More than a year ago now, guest blogger Rick Freeman wrote about an arbitration decision out of San Antonio where a trial court refused to compel arbitration on the basis that the high cost of arbitration made the agreement to arbitrate unconscionable. This morning, the Texas Supreme Court denied the petition for review in that case, leaving the San Antonio opinion good law, for now at least.
What does this mean for state of cost-based unconscionability challenges to arbitral agreements? Probably not all that much, actually. As we mentioned in August, the Texas Supreme Court has already heard oral argument in the Johnny Luna case, out of Houston, which addressed the same issue. Texas arbitration practitioners should continue their vigil, waiting for the last shoe to drop, as it were; the denial of the Ayala petition for review does not mean that we won’t get a Texas Supreme Court pronouncement on this issue.
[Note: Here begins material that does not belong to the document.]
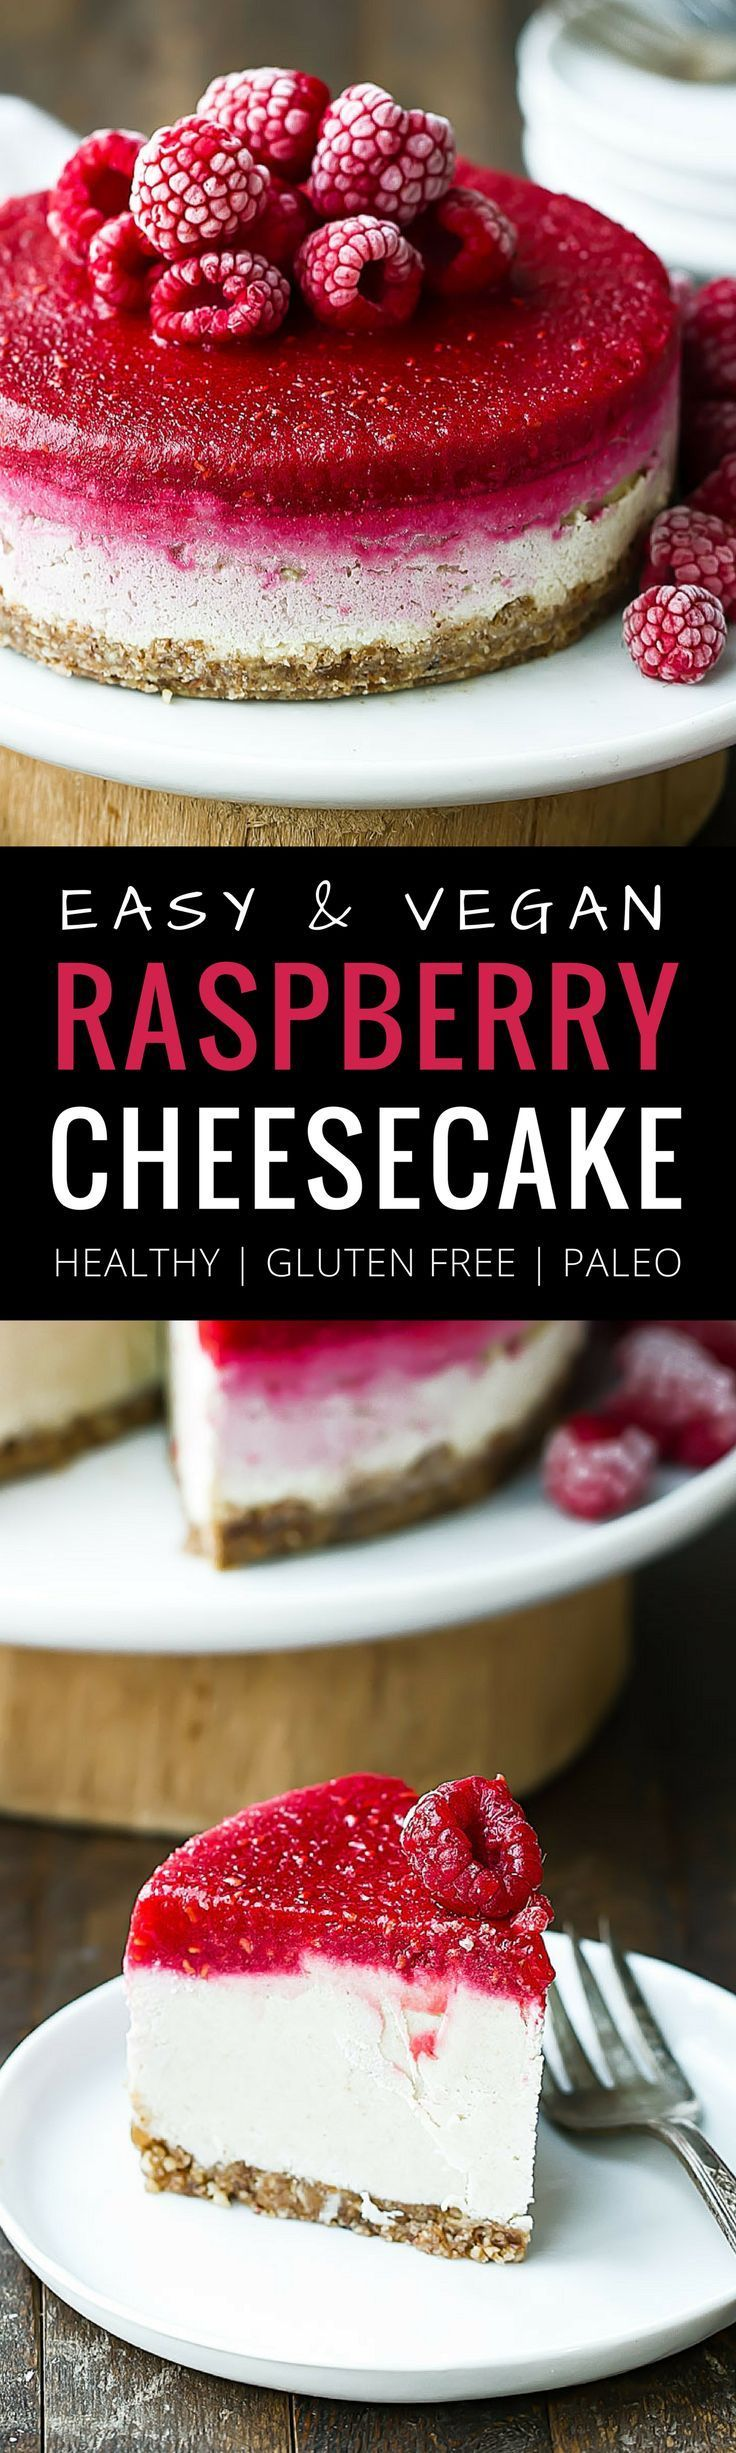 Easy Vegan Raspberry Cheesecake.

Special thanks, by the way, to Austin lawyer Rick Leeper for pointing this out to me this morning. I gave a speech on this issue today at the Page Keeton Civil Litigation conference put on by the UT law school. I mentioned that some of us were nervously waiting for the Johnny Luna opinion, and Rick pointed out, during the speech, that this very morning the Court had ruled on the “other” case on this issue. The internet really is incredible; Rick had obviously already found out about an hour’s-old decision which did not involve an opinion while attending and paying attention to a seminar and thus was able to point out that the law was evolving on my speech topic even as I gave the speech. For those interested, I will post the speech to the web page as soon as possible. Readers of the blog may find part of it familiar.
Olshan Foundation Repair v. Ayala, 180 S.W.3d 212 (Tex. App. – San Antonio 2005, pet. denied).